▶ [TASK OBJECTIVE]
Reproduce exactly the span of lines beginning at the one with "Les pierres sur" and ending at the last line of the data below, omitting pictures.

▶ [DATA BLOCK]
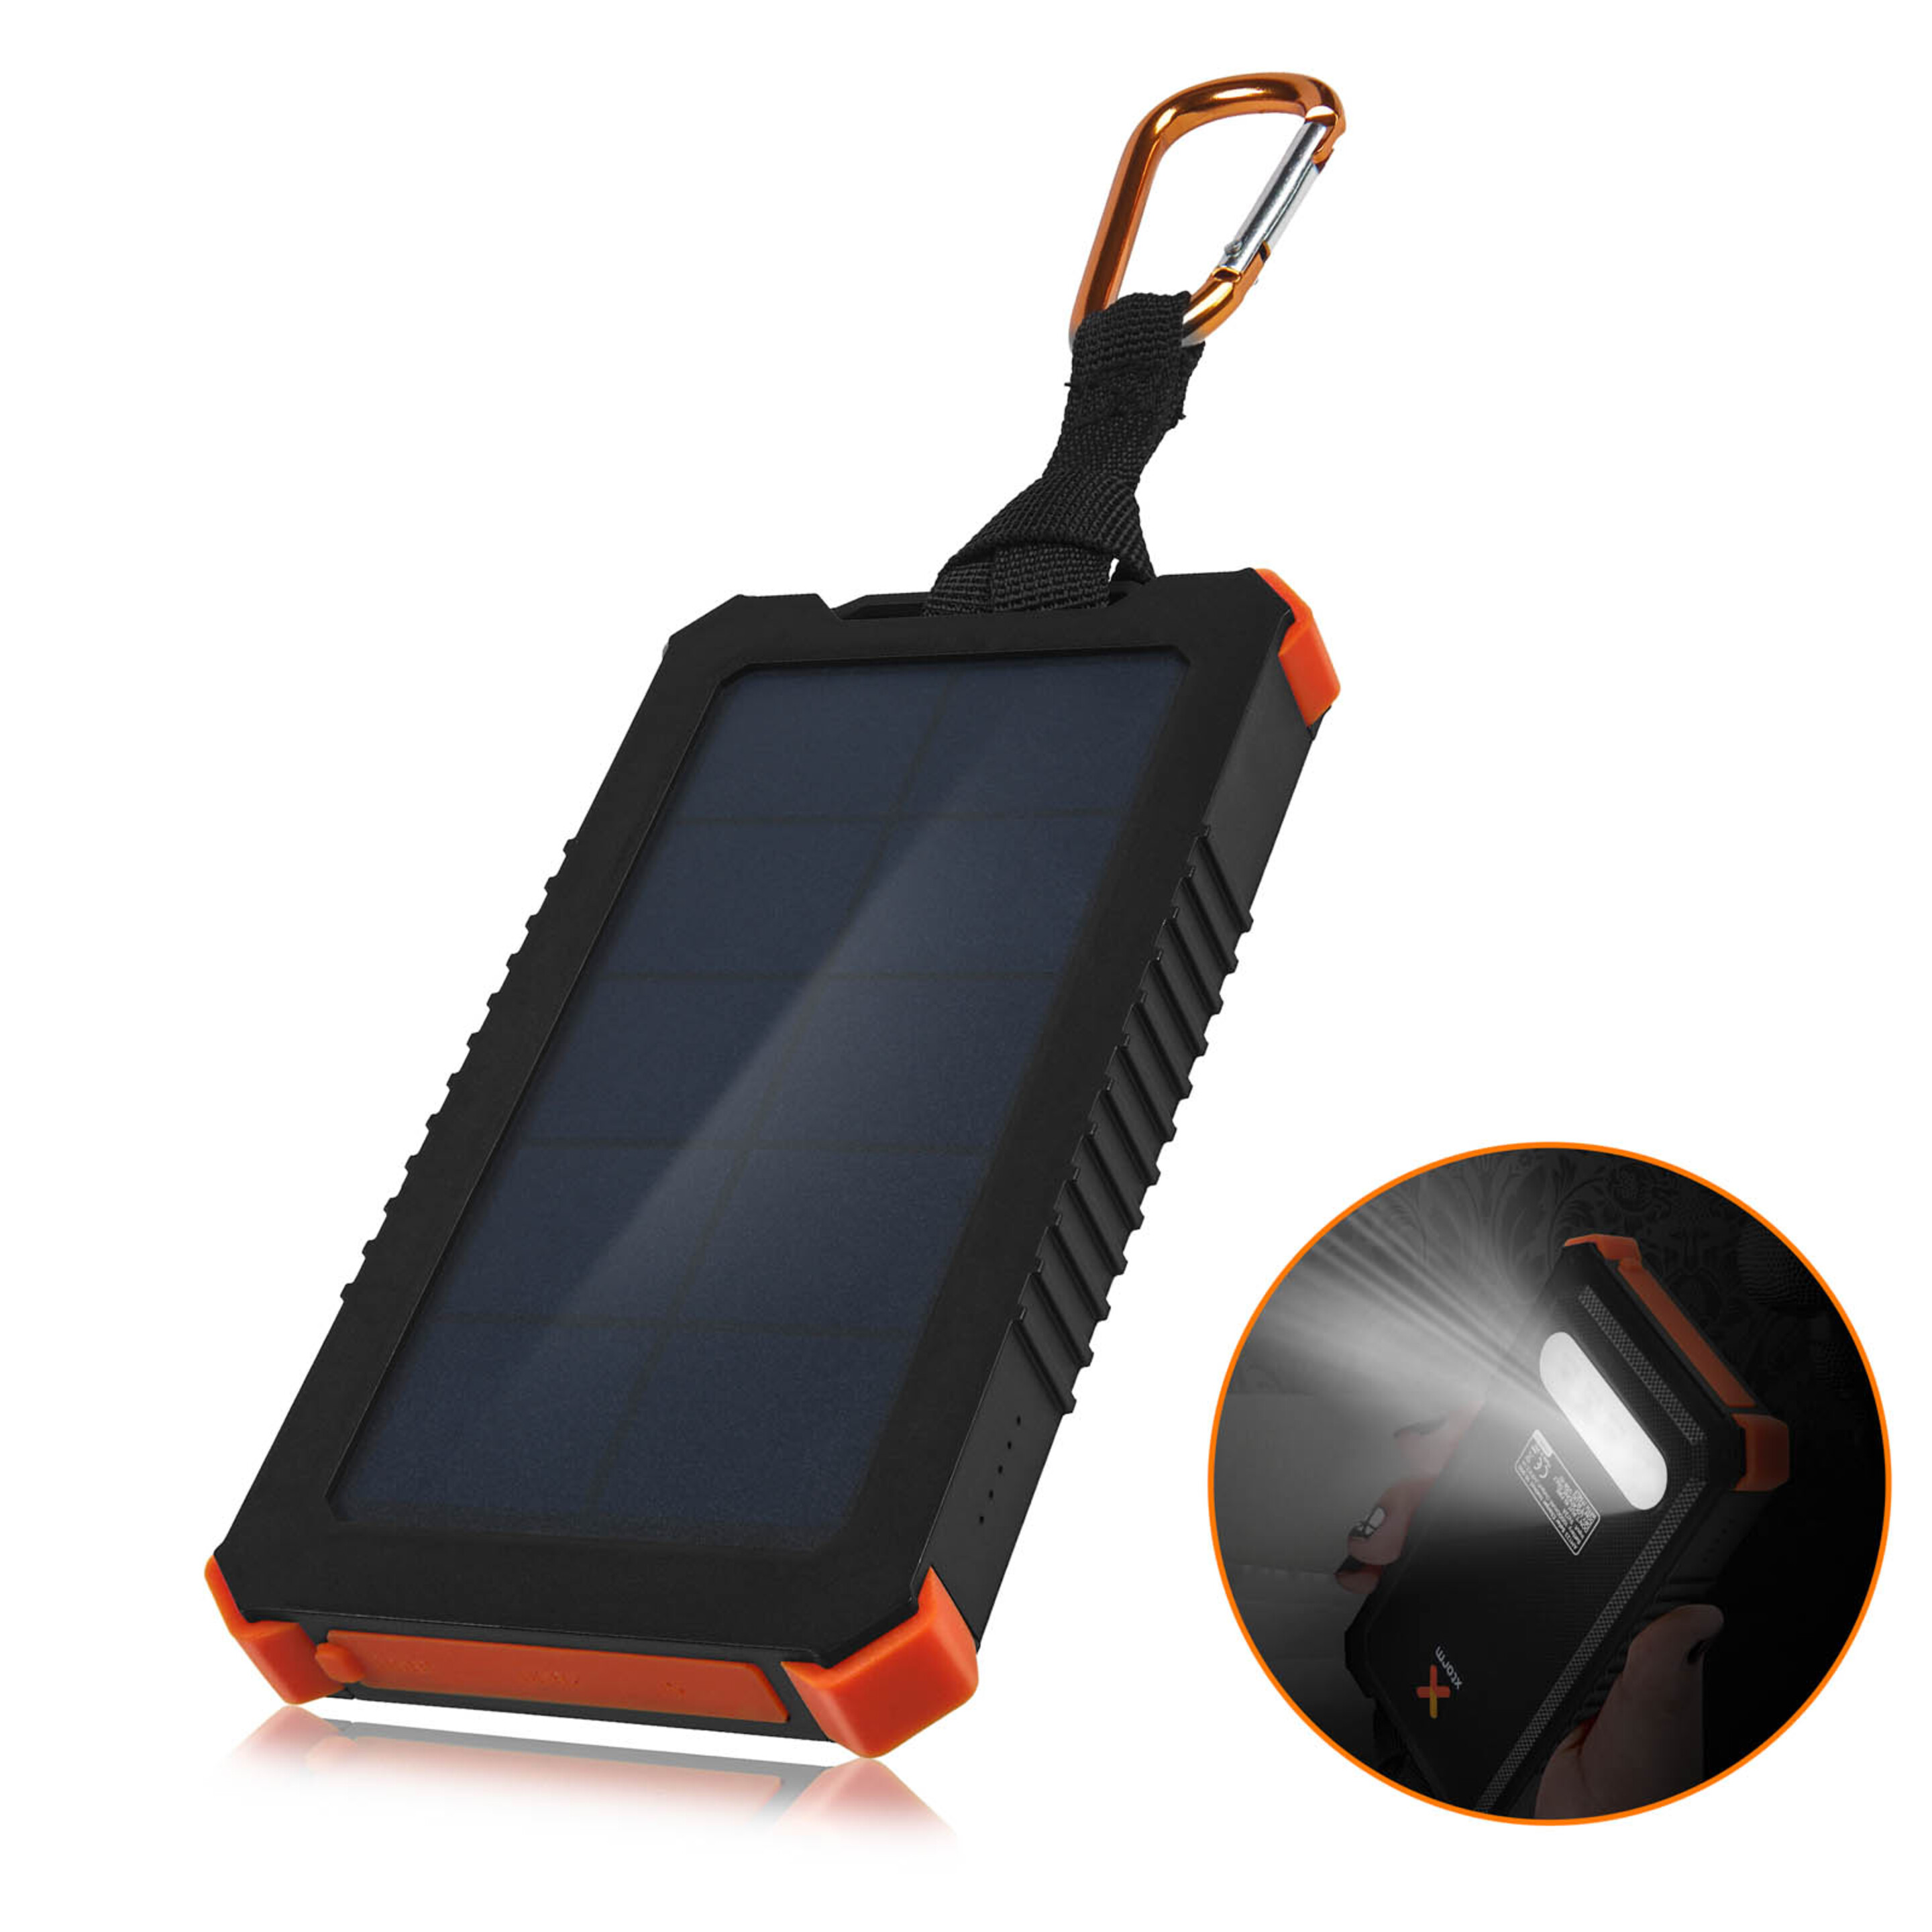 Batería Solar Externa 2x Usb 2.1a 10000mah Ipx4 Resistente Xtorm Instinct
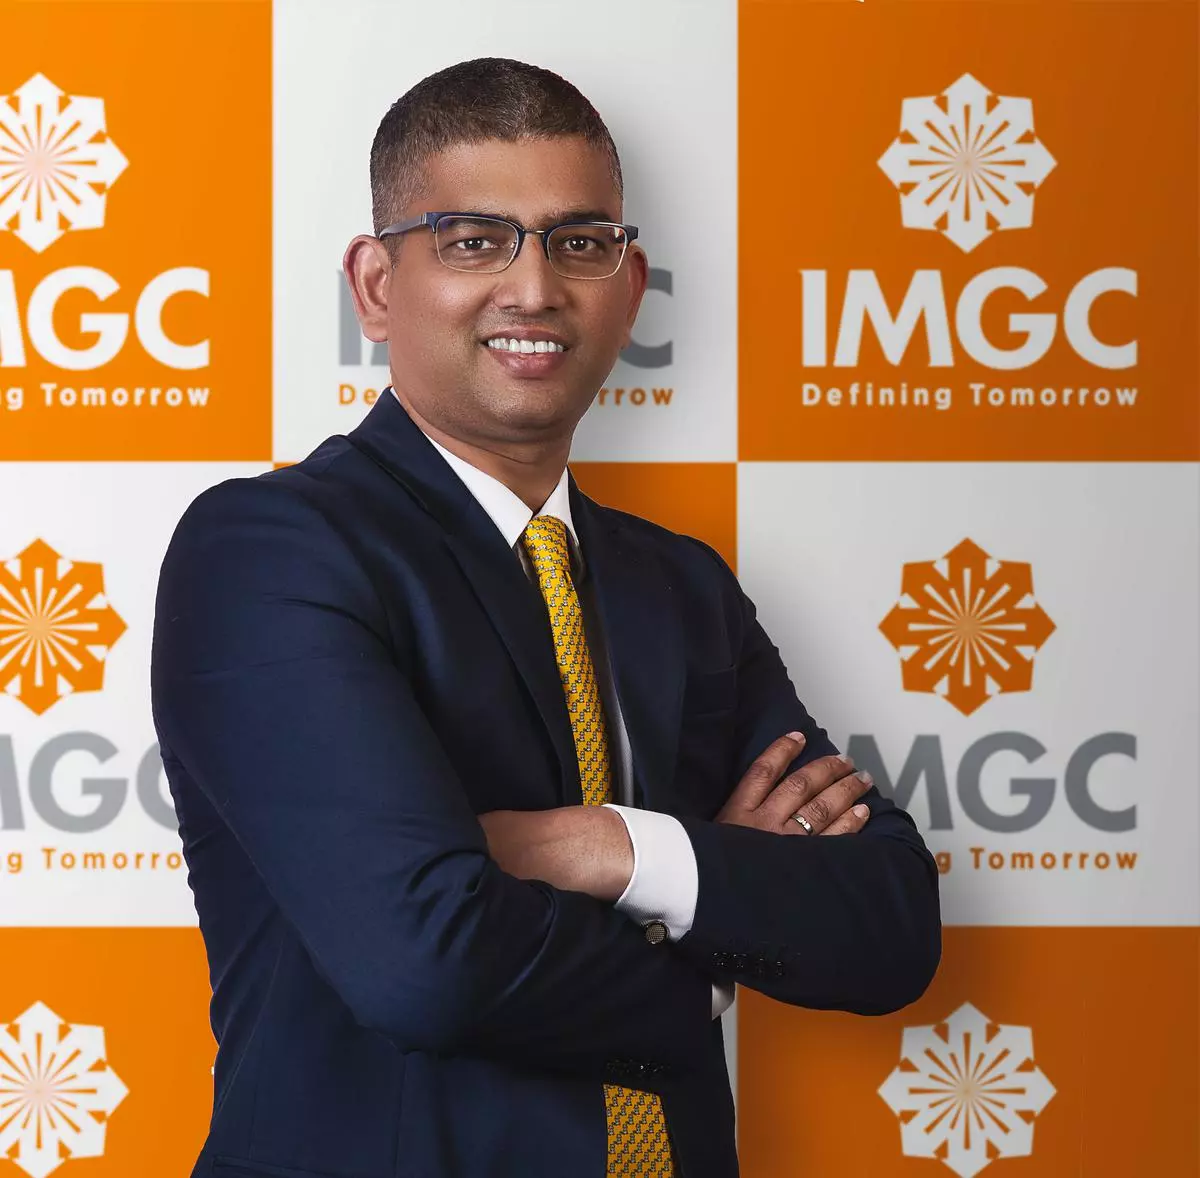 IMGC CEO Mahesh Misra
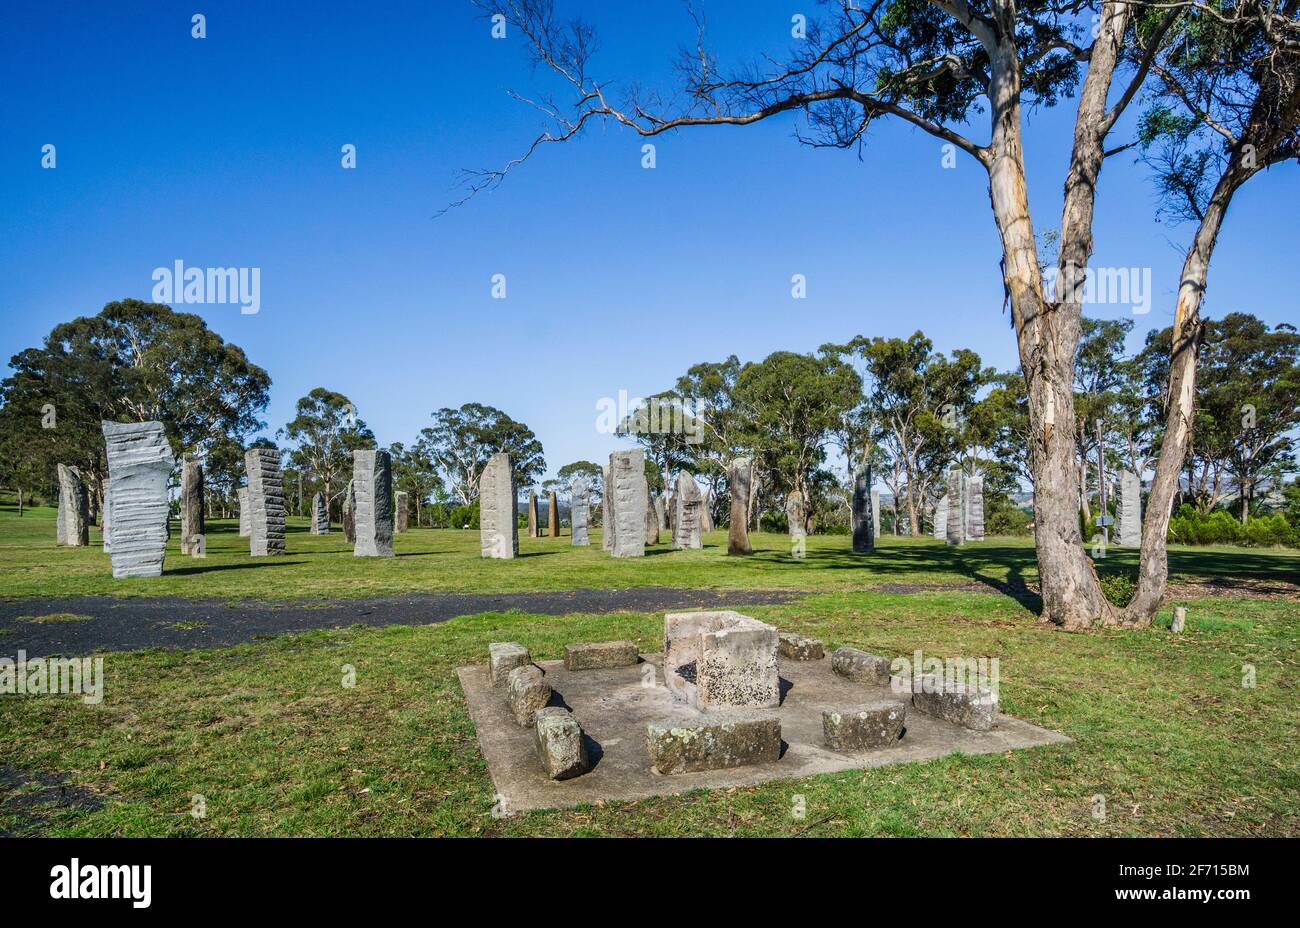 Les pierres sur pied australiennes, récreusées en 1992 à Glen Innes, les monolithes rendent hommage à l'héritage celtique des premiers colons européens jusqu'à Th Banque D'Images
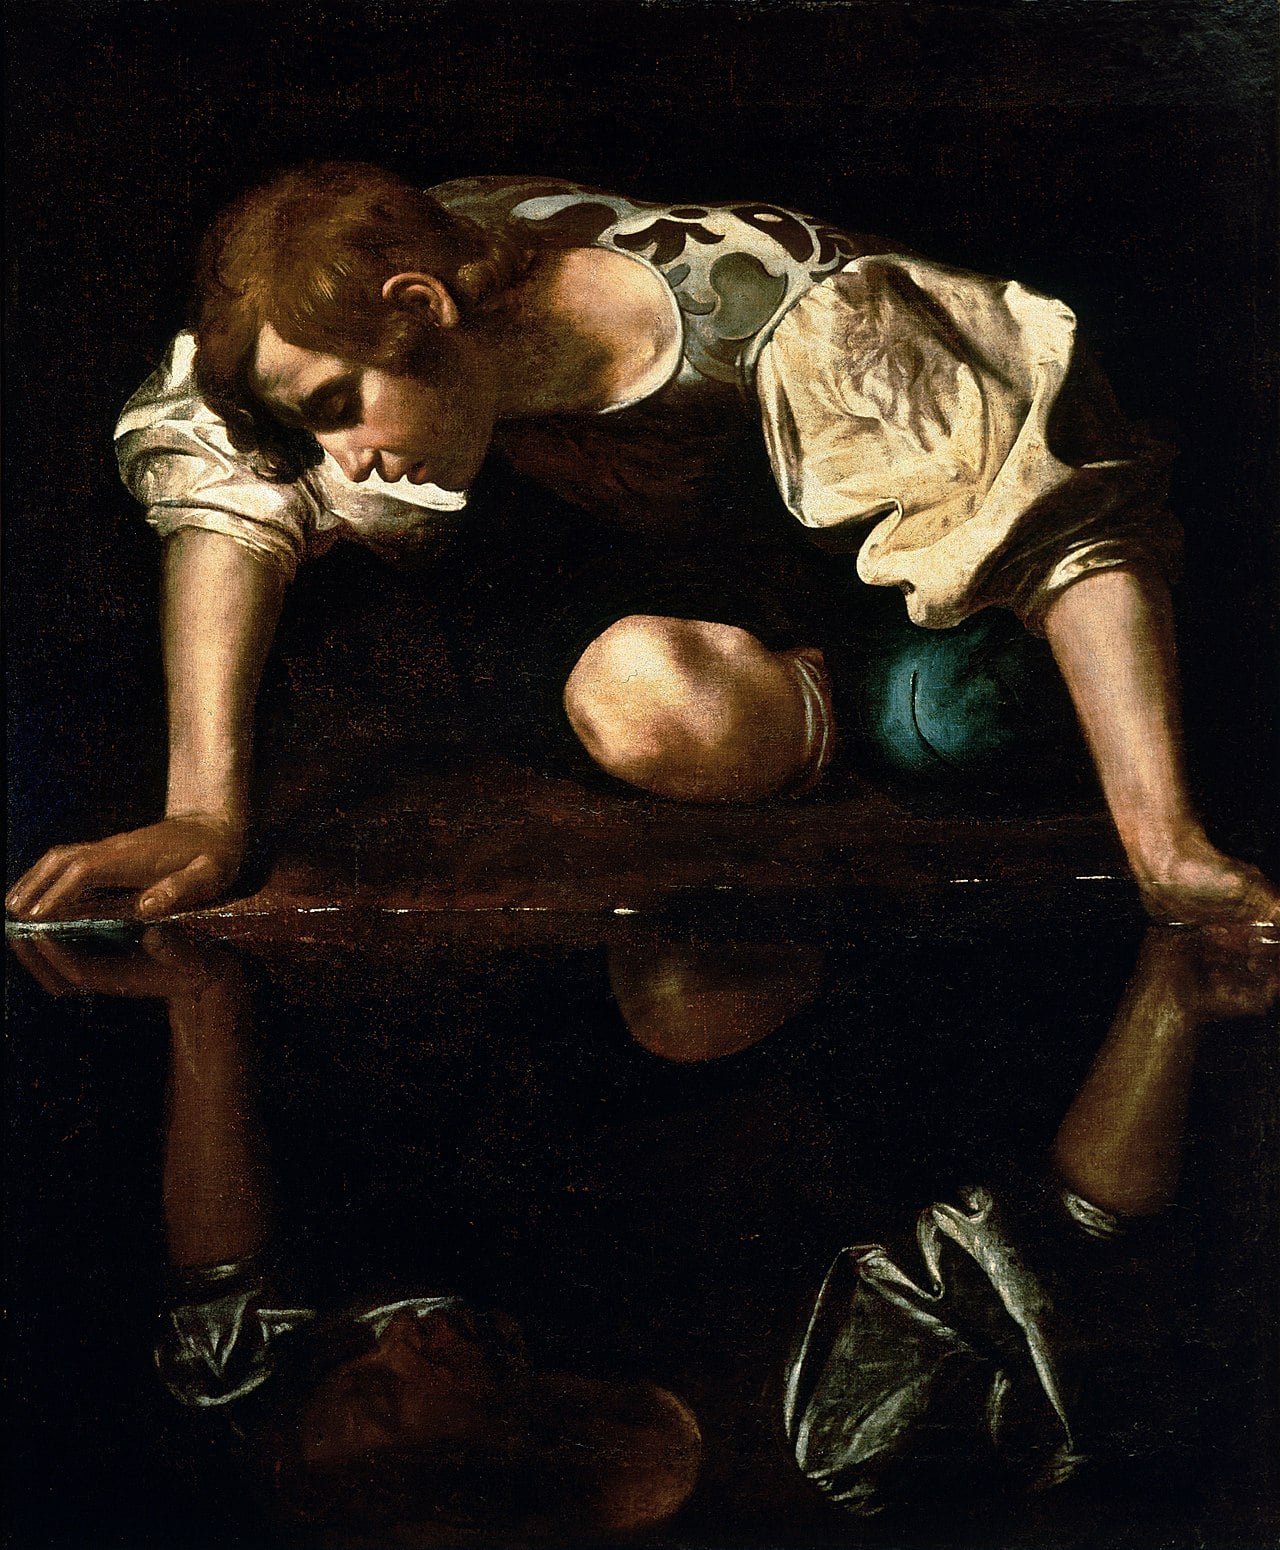 Bức tranh 'Narciso' của Caravaggio

▶ [EXERCISE RESULT]
 Les pierres sur pied australiennes, récreusées en 1992 à Glen Innes, les monolithes rendent hommage à l'héritage celtique des premiers colons européens jusqu'à Th Banque D'Images
 Bức tranh 'Narciso' của Caravaggio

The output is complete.